** What to do **
Reproduce only this stretch of the listing below: from the line with "Historia de la bandera española" through the line with "Universiti Teknologi MARA", exactly as written, with pictures excluded.

** Supplied information **
== == ==

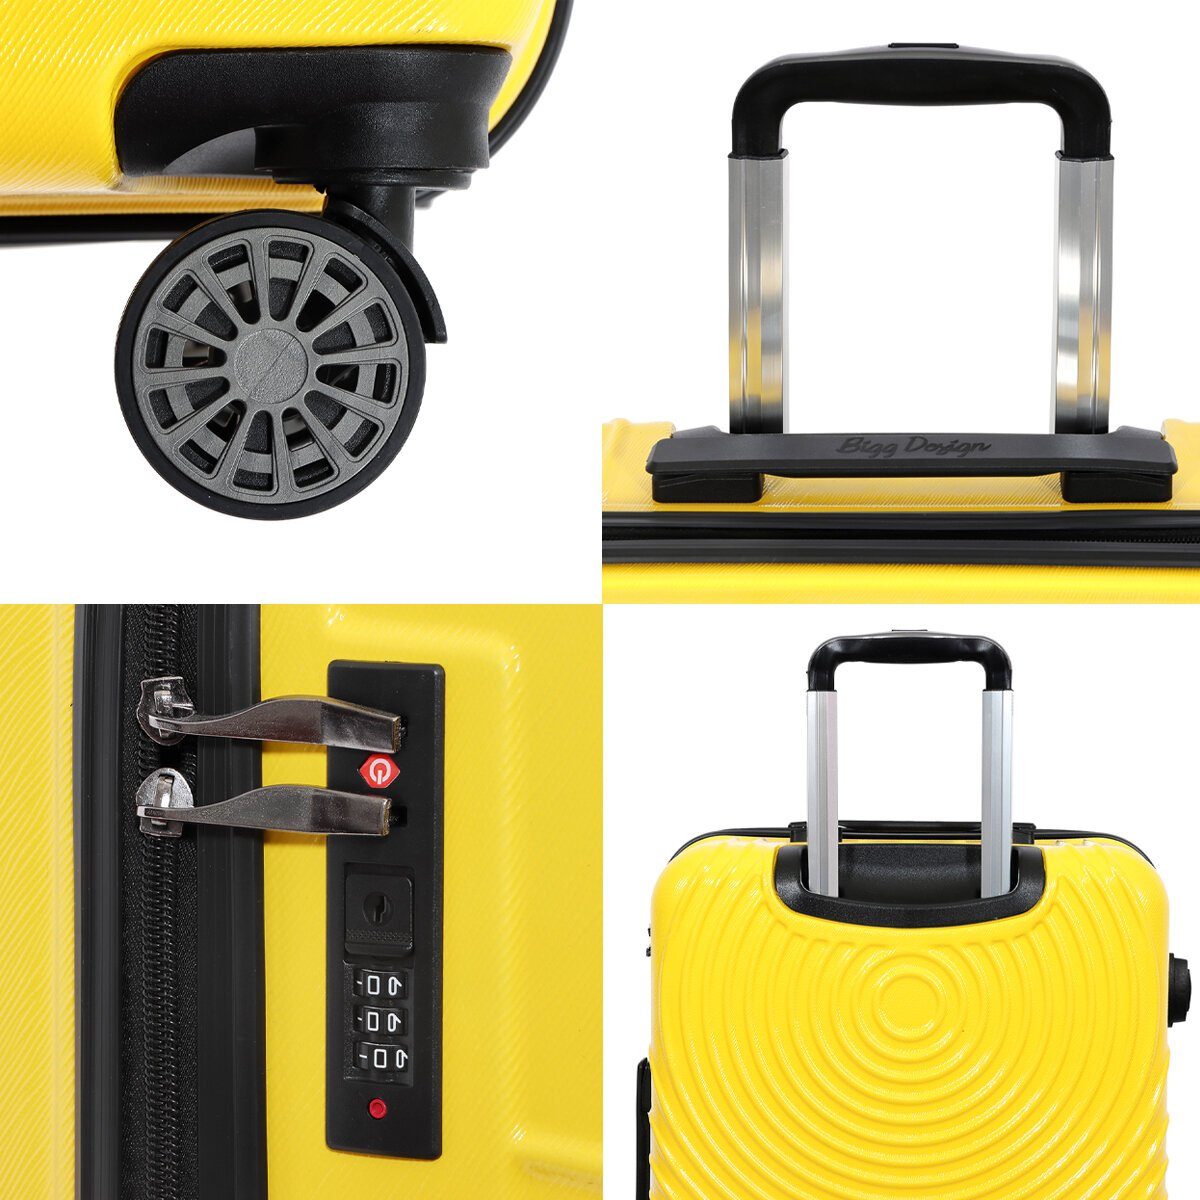 3 Set BIGGDESIGN Koffer Cats teilig Hartschale Biggdesign Gelb Kofferset Koffer
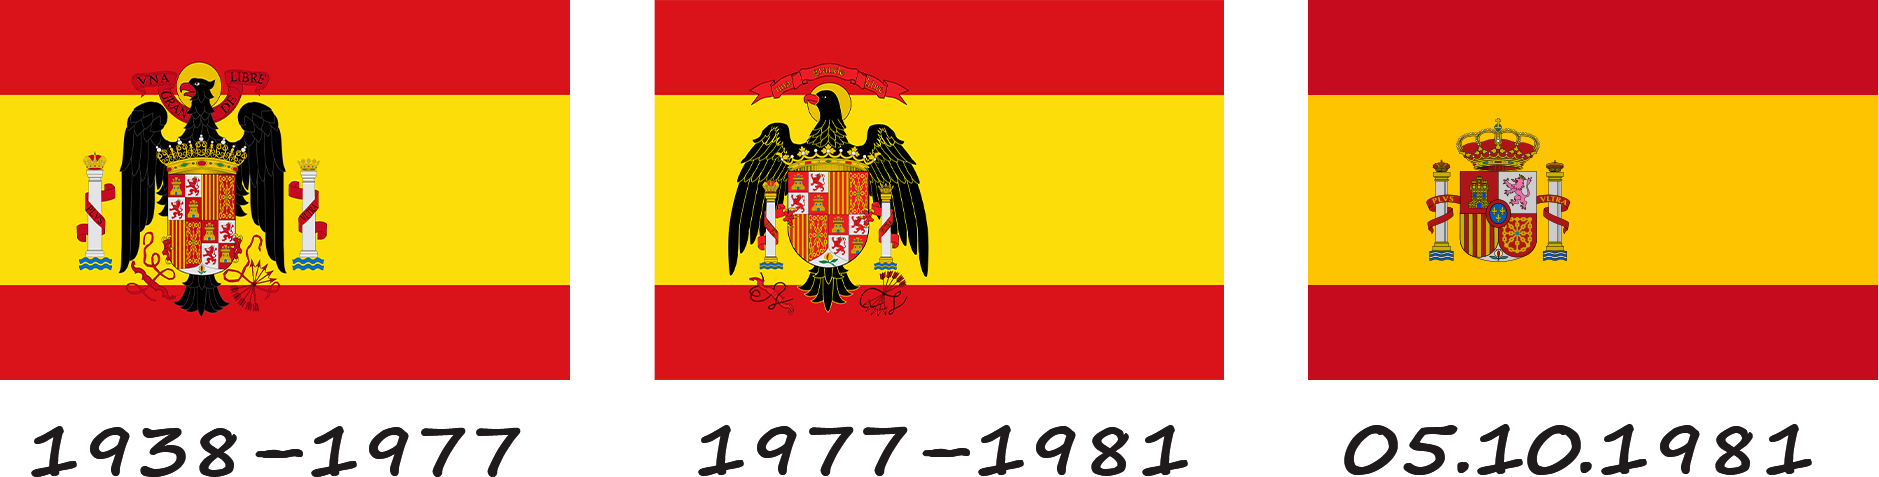 Historia de la bandera española
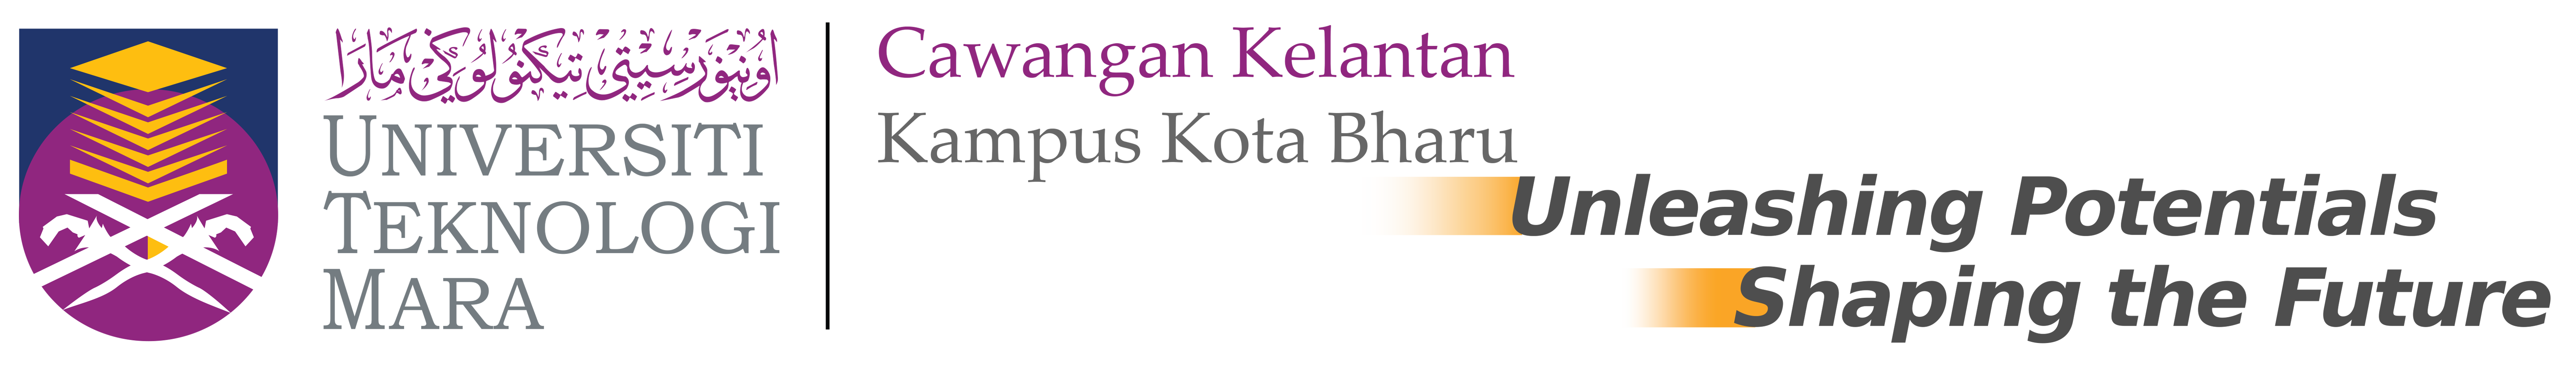 Universiti Teknologi MARA Cawangan Kelantan Kampus Kota Bharu
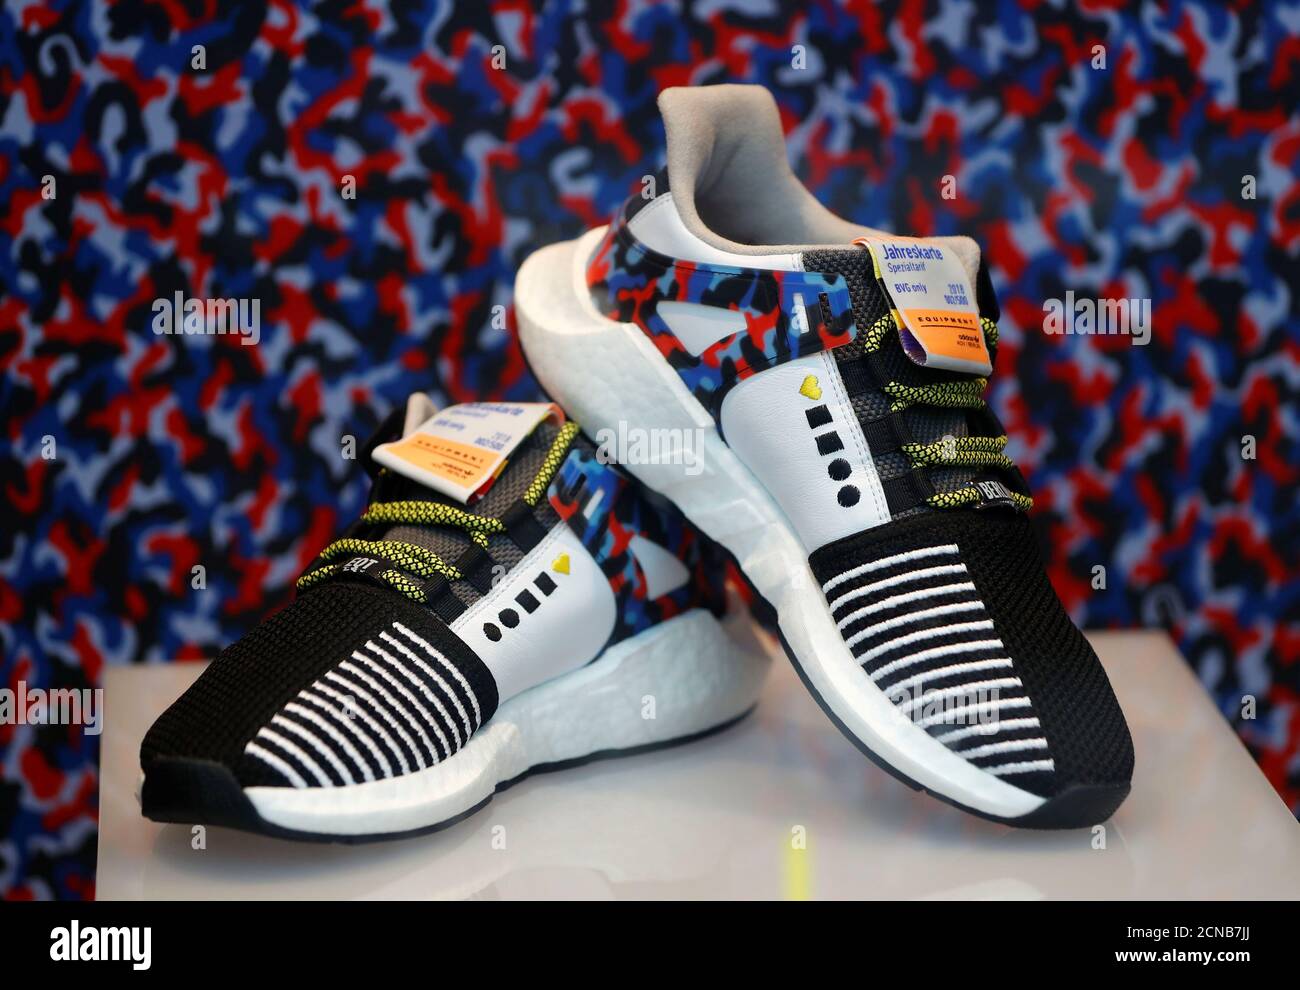 Die Adidas Limited-Edition Sneaker, die zum Berliner U-Bahn-Sitzdesign  passen und einen Jahresreisepass enthalten, werden am 16. Januar 2018 im  Schuhgeschäft "Overkill" in Berlin ausgestellt. REUTERS/Fabrizio Bensch  Stockfotografie - Alamy

== == ==

** The completed task **
 Historia de la bandera española
 Universiti Teknologi MARA Cawangan Kelantan Kampus Kota Bharu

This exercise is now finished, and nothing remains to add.